– Да я тебя ни в чем не упрекаю, что ты! – расхохоталась она, а сама подумала: «Гипертрофированно приличный сыночек сутенера – великолепный экземпляр в мою коллекцию!»

Помимо сильного голоса был у Жени еще один блистательный талант – вляпываться в неприятности. Сама она называла свой характер мягким словом «авантюрный». Посторонние же говорили о ней более резко – чокнутая.

Вся Женина жизнь, казалось, была подчинена саморазрушению. Как будто невидимый чертик, вечно при ней находившийся, все время толкал ее в спину. Ведь у ее сумасшедшинки не было никакого социального оправдания. Наоборот, по логике она должна была вырасти в спокойную домашнюю девочку, которую с раннего детства холили-лелеяли, кормили обедами из трех блюд плюс компот, закидывали подарками. Так нет же, в двенадцать лет она впервые сбежала из дома. Не из бомжатника-притона, где спят вповалку бездумно зачавшие ребенка алкоголики, а из двухкомнатной квартиры родителей-инженеров, где в полированном серванте привычно поблескивает хрусталь, а простыни всегда выглажены и тонко пахнут ароматической отдушкой. Женю же с детства тошнило от родительской благопристойности; ее тянуло туда, где дворовые заводилы передавали по кругу неумело свернутый косячок. Она лишилась невинности в тринадцать лет. А в четырнадцать вдруг стала школьной звездой, рассказав о своей сексуальной жизни скандальному периодическому изданию. Снабженная Жениными цветными фотографиями статья называлась «Школьницы и секс», и в то лето родители держали ее под замком, не позволяя сходить в одиночестве даже к ларьку с мороженым. На пятнадцатый день рождения ей была торжественно вручена гитара – отец надеялся, что музицирование хоть как-то отвлечет дочь, от которой все чаще попахивало в лучшем случае вином. В шестнадцать она собрала свою панк-группу. Едва ли наивные гитародарители предполагали, что музицировать их чадо будет в компании сальноволосых юношей, чьи тела были украшены сережками самого разного калибра. Серьги были везде – в пупке, бровях, ноздрях и даже – вот кошмар-то, а? – в сосках. Поддавшись общественному влиянию, украсила свое лицо и Женя – правда, ее сережка выглядела вполне невинно и пронзала всего лишь бровь.
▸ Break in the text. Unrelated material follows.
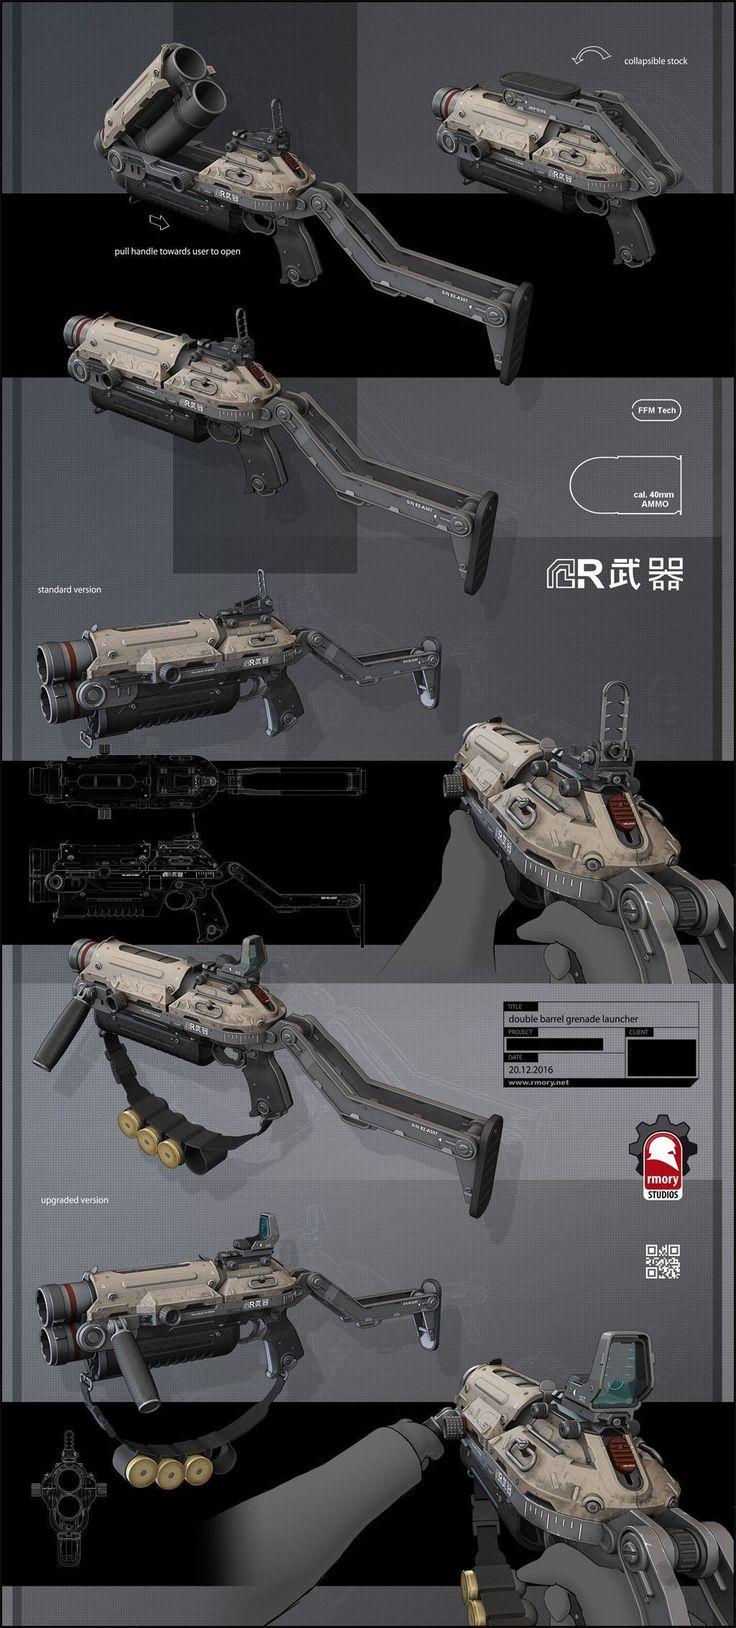 ArtStation - Double Barrel Grenade Launcher by rmory studios, Kris Thaler #DronesConcept #droneconcept
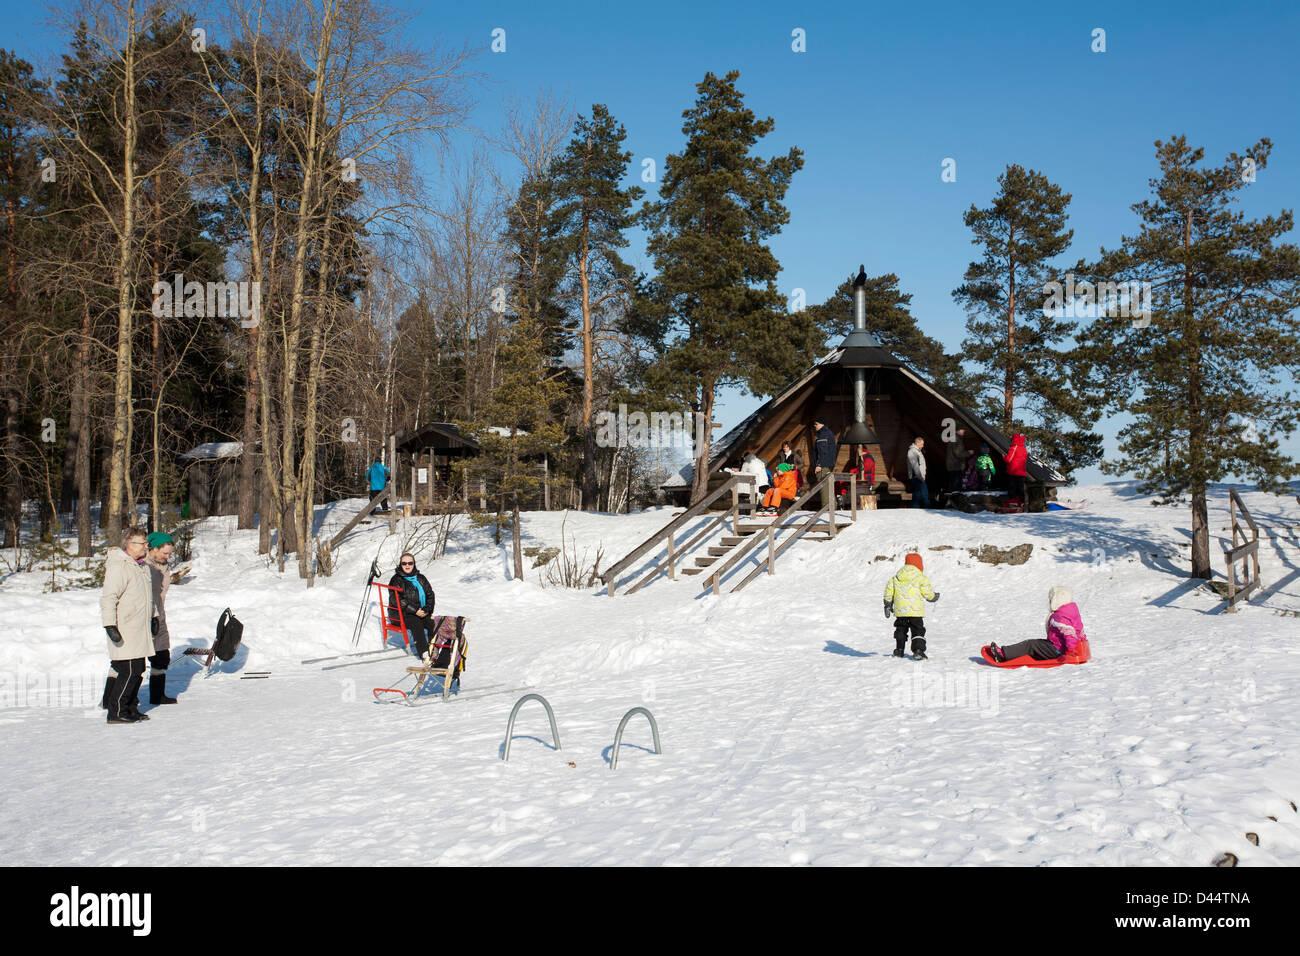 People enjoying sunny weather on the Karhusaari camping site, Lappeenranta Finland - Stock Image

Через год эта самозваная группа распалась, а окончательно съехавшую с катушек Женю родители отправили в «концлагерь», в миру известный как наркологическая лечебница. Целых восемь месяцев она завтракала, обедала и ужинала какими-то таблетками неясного назначения, а по совместительству ненавидела весь мир. Зато потом родители поставили ей всего одно условие – не выпивать. От Жени не требовали ни поступления в престижное высшее учебное заведение, ни заработков. Лишь бы жила, ела хорошо и запивала еду чайком да кефирчиком, как язвенник-трезвенник.

Почти два года Женя просидела дома. Сначала ей было скучно и тошно, а потом привыкла, научилась убивать время. Читала, бренчала на гитаре, бездумно таращилась на телеэкран.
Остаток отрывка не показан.